CHAPTER IV
THE CLUB GOES VISITING

By sports like these are all their cares beguiled.

Oliver Goldsmith.

“I DON’T know but I shall have to ask you not to let the children come to their Club this afternoon. I don’t like the noise, and you know almost anything brings on heart trouble,” Miss Virginia Warren said, when she came down to the library the next Friday morning, followed by her niece, carrying two shawls. She spent an hour down-stairs daily, after the rooms had been made excessively warm.

“But, Aunt Virginia, you always stay in your room after three o’clock, and it is so far from the library that you could hardly hear any noise. I will keep the doors shut, though. I should be sorry indeed to disappoint the children,” Ruth Warren replied, quite troubled by her aunt’s words.

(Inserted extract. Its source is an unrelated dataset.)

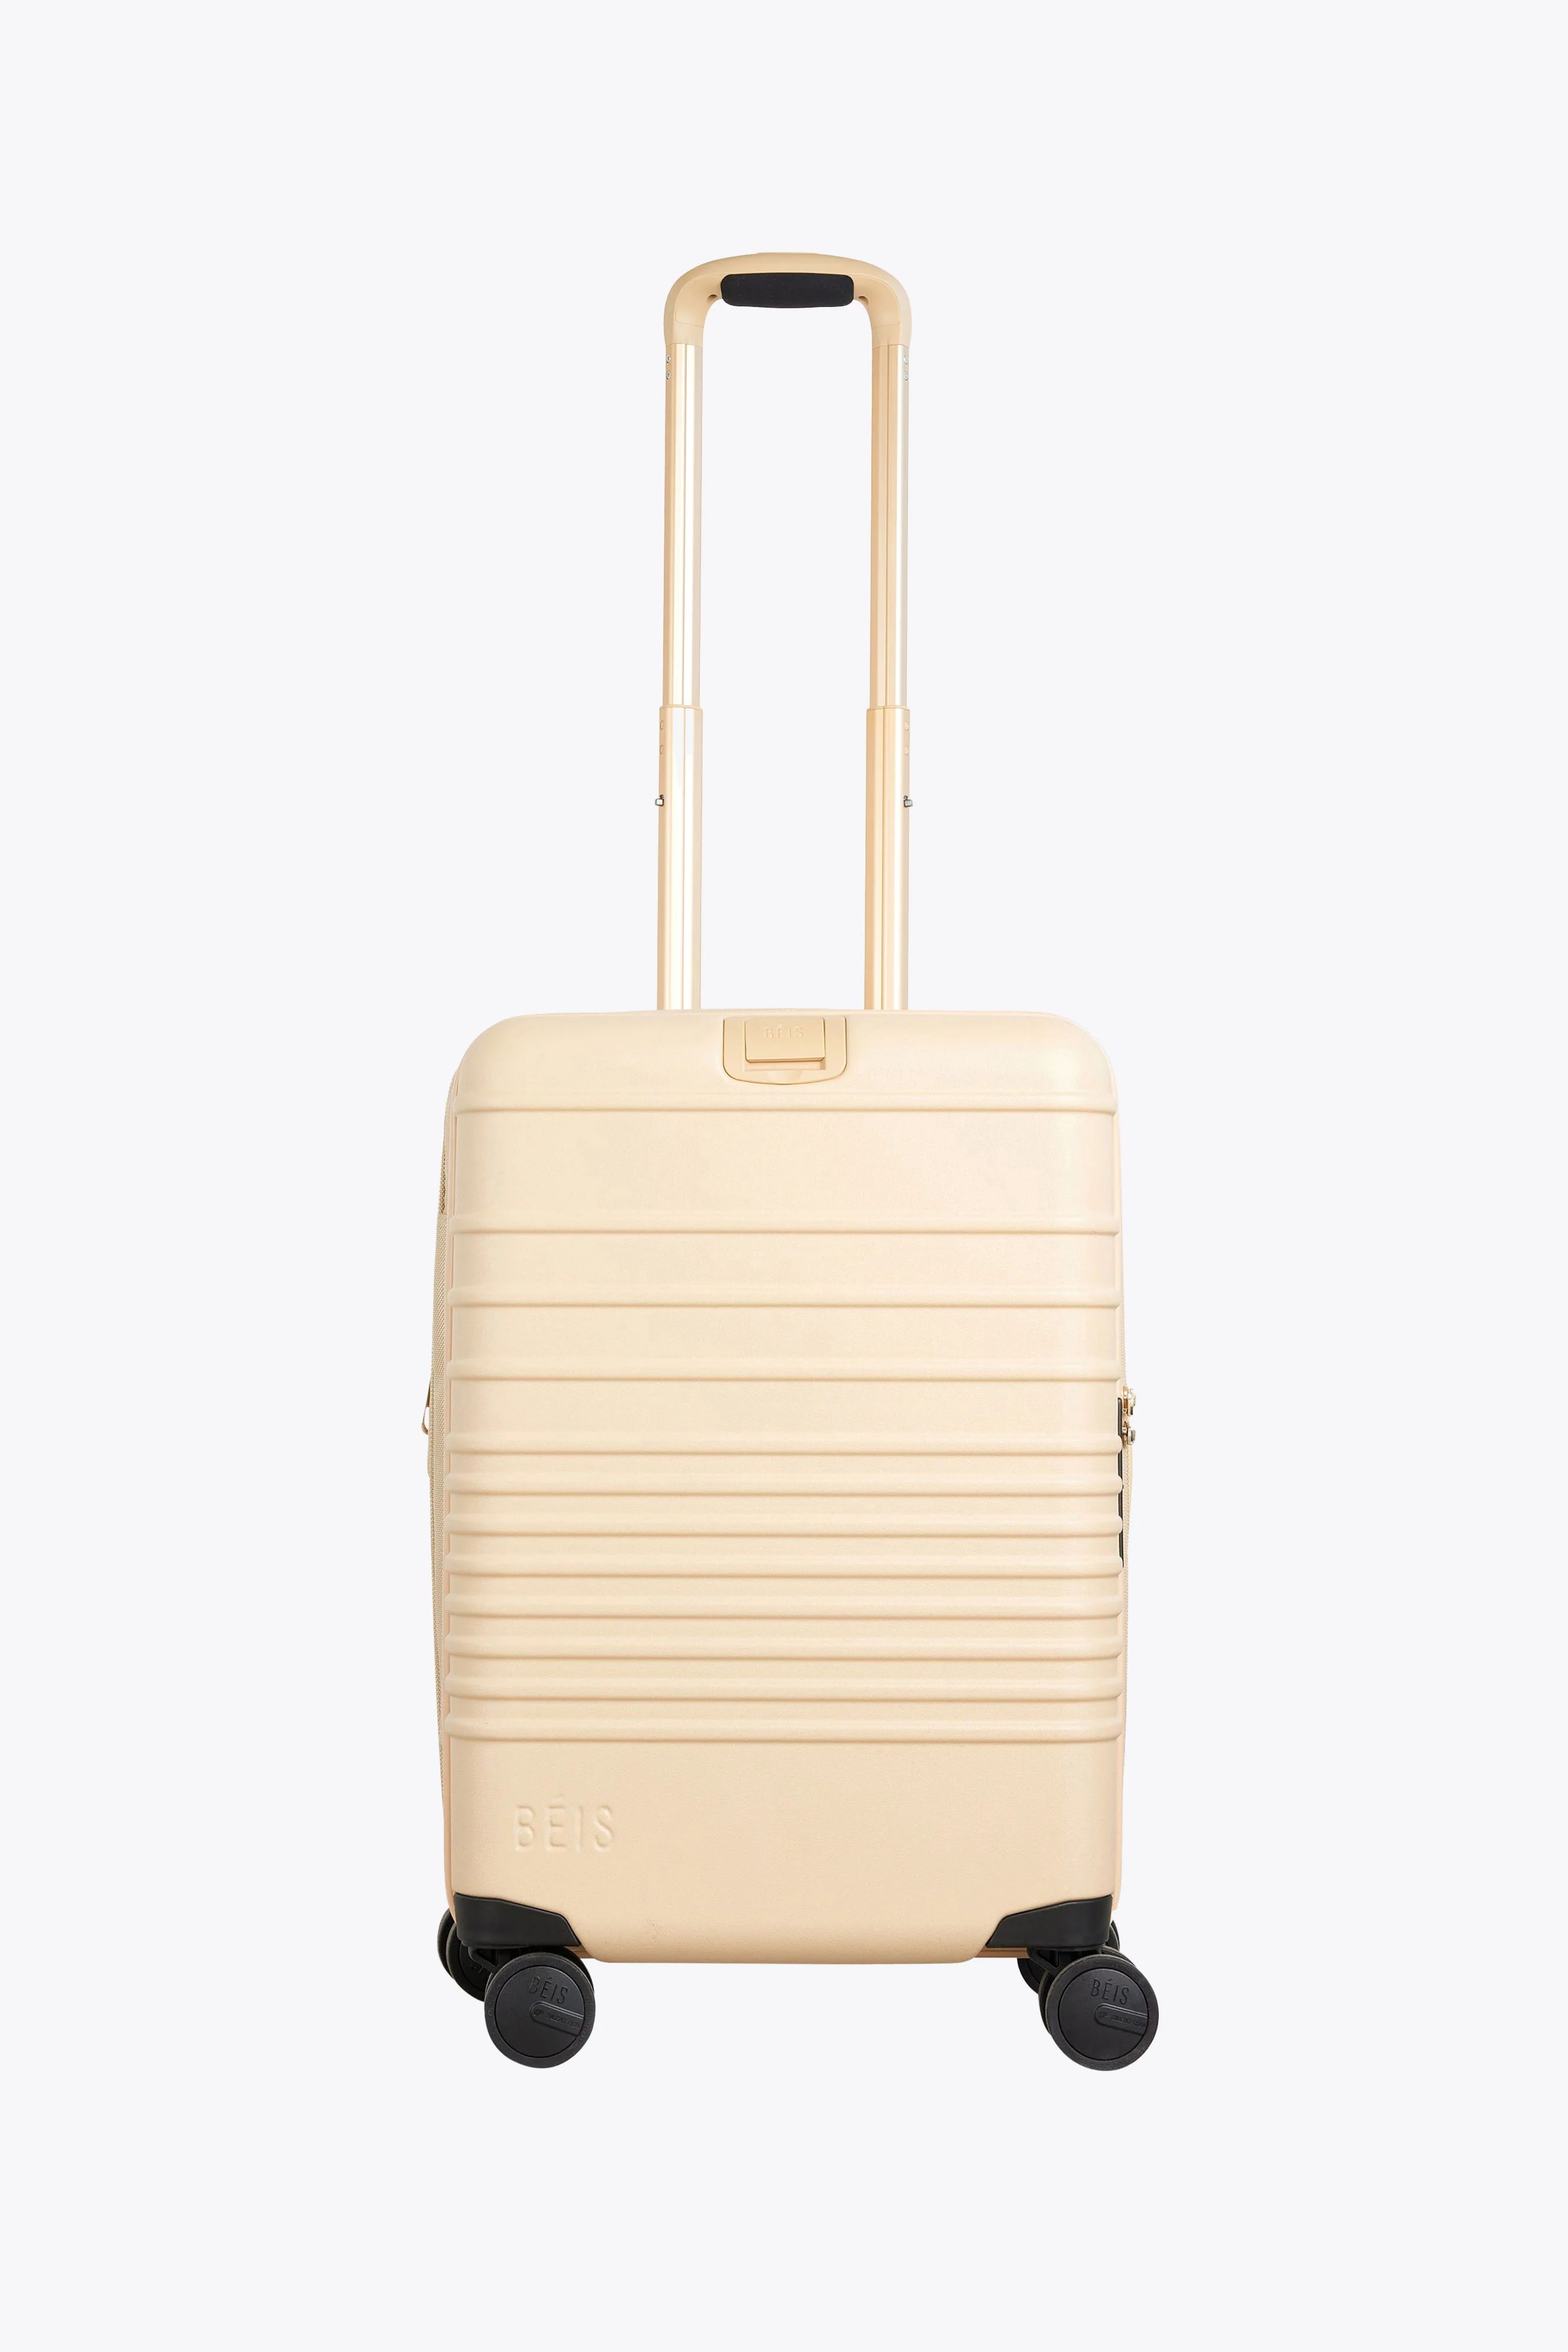 BÉIS 'The Carry-On Roller' in Beige - 21" Carry On Rolling Luggage | BÉIS Travel

“Well, of course the children are of more importance than my feelings,” said Miss Virginia with a sigh. “But even though I don’t hear their noise, knowing they are there, and that I may hear them any minute, gives me cold turns every now and then.” She shivered, as if at the mere thought. “Put that thick shawl over me quickly, Ruth.”

The doctor had many times told Ruth Warren that there was nothing really the matter with her aunt except a strong imagination and a constant fear of illness; he had advised her, too, not to give in too much to her aunt’s notions. So now Ruth said: “I am sorry, Aunt Virginia, that the children’s coming disturbs you. I will ask Sarah to stay in the room with you this afternoon so that you will not feel nervous.”

“Nervous! I am never nervous,” replied Miss Virginia, waving her large white hands excitedly. “But I shall have to have a regular nurse, so that there will be somebody with me all the time.” Then she wept a little, and felt faint, and had to be revived with spirits of ammonia.

Fortunately, however, she was spared further excitement on account of the children’s coming that day. For just before three o’clock, Ben Holt drove up to the house with a large, loose-jointed brown horse and a double-seated sleigh, jumped out, rang the door-bell, and asked for Miss Ruth. He was sitting on a tall carved chair in the hall when Ruth Warren came down, at Sarah’s summons.